Monet Software recently explored this concept in a blog focused on the cost of staffing for the call center. For the company seeking a justification for the investment in workforce management, they need only to look at the expenses related to staffing – as much as 70 percent, according to Monet. If you don’t have the right number of people in the right seats at the right time every hour of the day, this number could easily rise higher.
Consider the day when your spreadsheet approach to scheduling missed an overlap of two employee groups. You have one hour with too many people on the floor, not enough ringing phones and suddenly your shrinkage just increased exponentially. You’ve already overspent for staff you didn’t need and morale suffered as every agent realized the mistake too late. The opposite can have even more dire effects when the overlap means you have too few people on the phones and service quality suffers.
In such scenarios, there are two key questions you should ask: can you really afford to use spreadsheets for your forecasting and scheduling? And, can you realize measureable improvements with your workforce management software that will result in savings that exceed the overall cost of the solution?
To accurately evaluate the situation in your environment, there are really three things you should consider:
Increased efficiency – there are promised savings associated with more efficient scheduling practices, such as a reduction in the overall staff hours and the need for overtime. You can also more readily identify overstaffing issues.

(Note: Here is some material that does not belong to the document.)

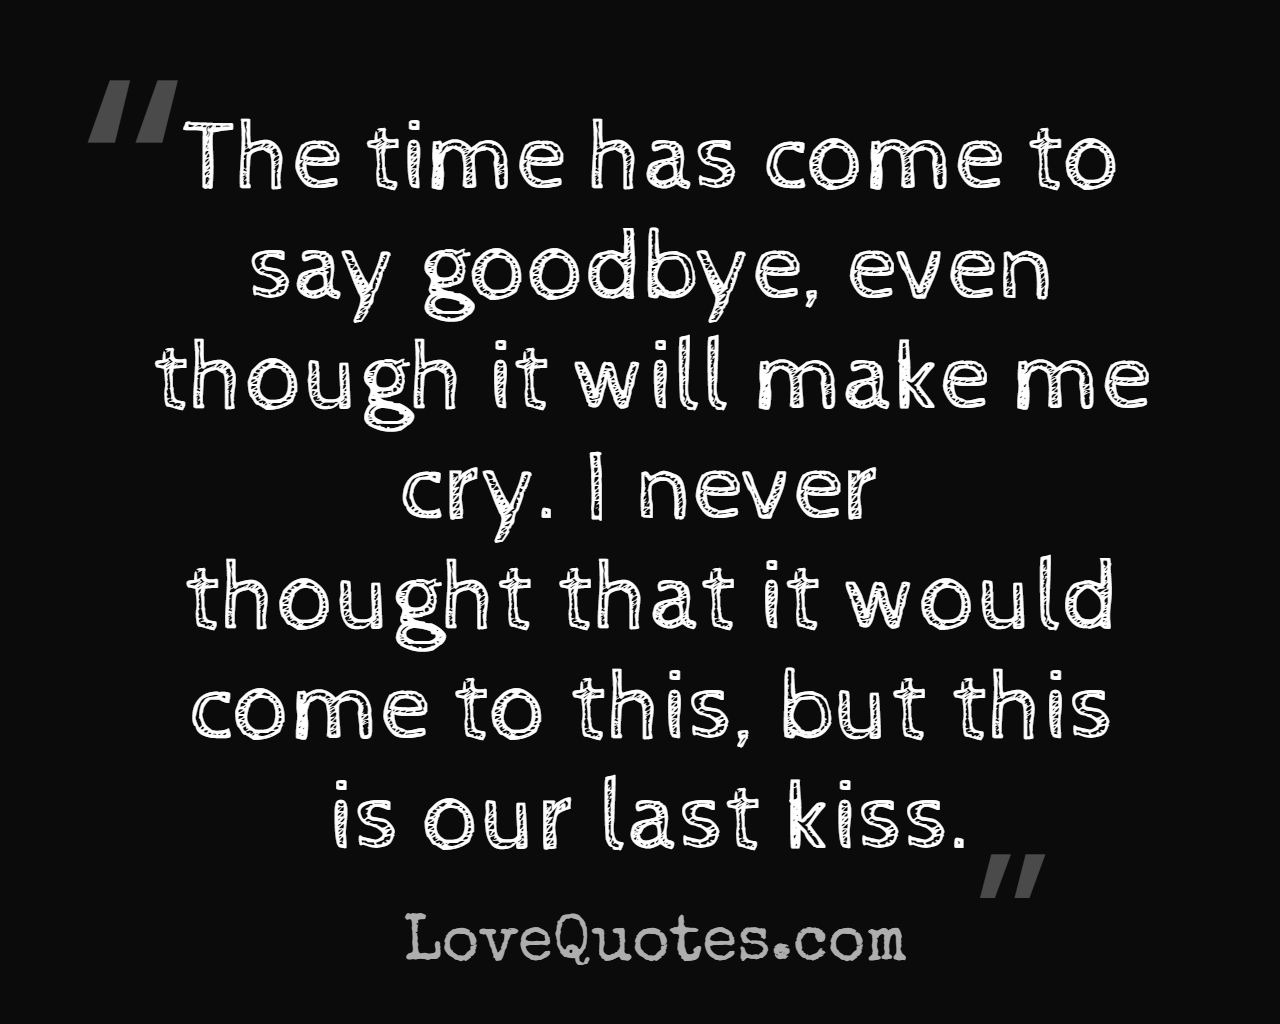 Our Last Kiss

Monet Software research has determined that call centers using workforce management generally reduce staff hours by 2 percent, which translates into savings of an average of 5 – 10 percent.
Scheduling automation – using a spreadsheet to forecast and schedule for your call center may have worked when you had just a few agents on the phone. Now that you’ve grown, you need to streamline your activities and introduce more accuracy into your processes. It is generally expected that workforce management will save you 25 percent of manual input time. This saved time can then be used for coaching, training and other activities.

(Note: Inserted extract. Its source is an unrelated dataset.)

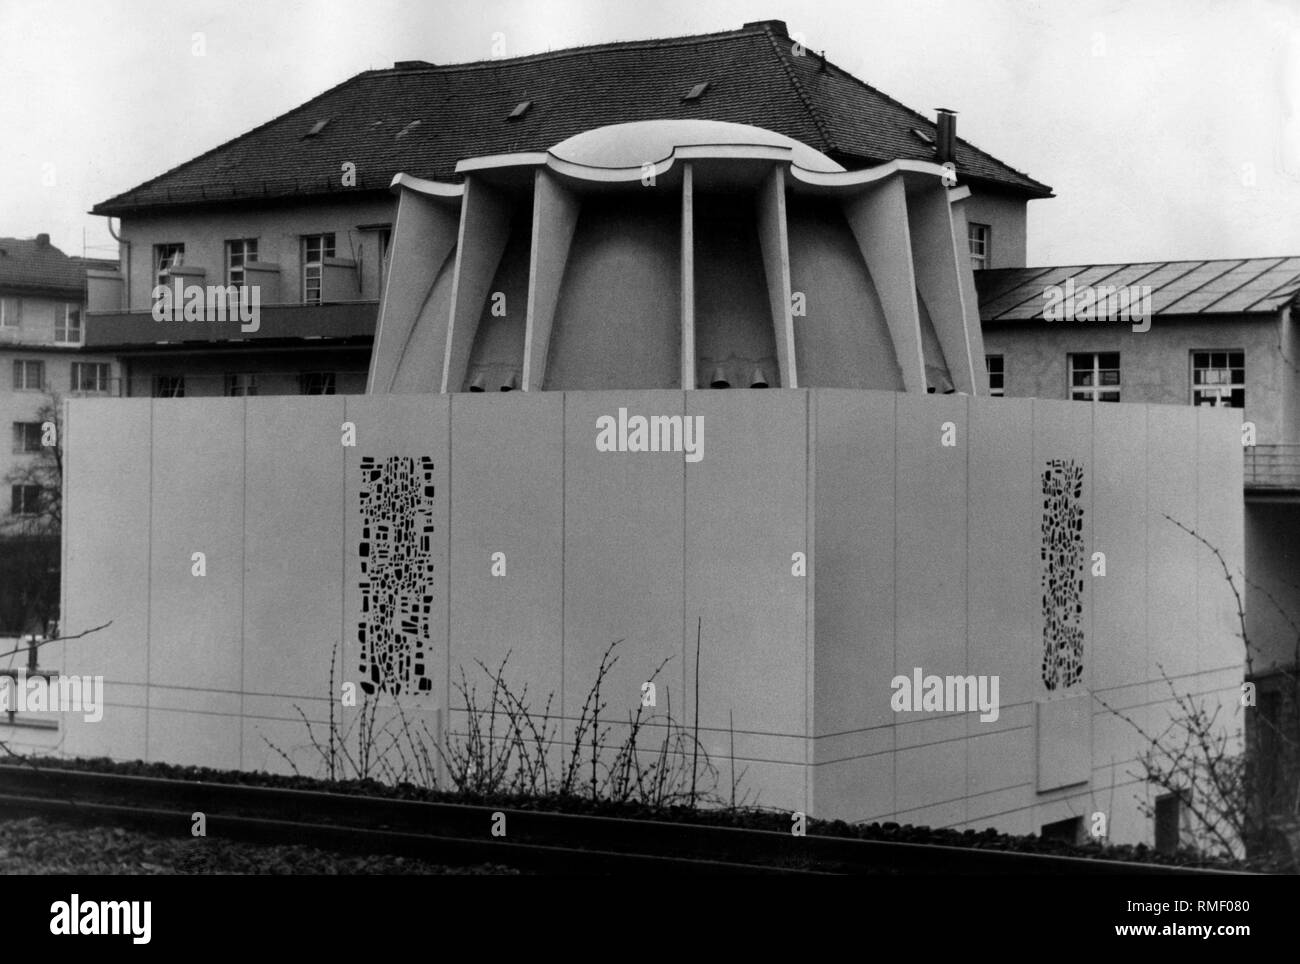 The new synagogue in Wuerzburg, which was inaugurated on 24.03.1970. The old synagogue was destroyed in 1938 by the National Socialists. Stock Photo

Improvements in schedule adherence – you know the value of your scheduling is only as good as your agents’ ability to stick to it. You don’t want to pay people for unproductive time. A workforce management solution can provide access to historical and real-time information on schedule adherence and exceptions to improve management and better control your staff. This can easily reduce your workforce shrinkage by as much as 20 minutes per agent per day.
Once you’ve done your homework, take a look at robust workforce management solutions and measure the potential value for your environment. The results are sure to surprise you as you’re on your way to a more efficient operation.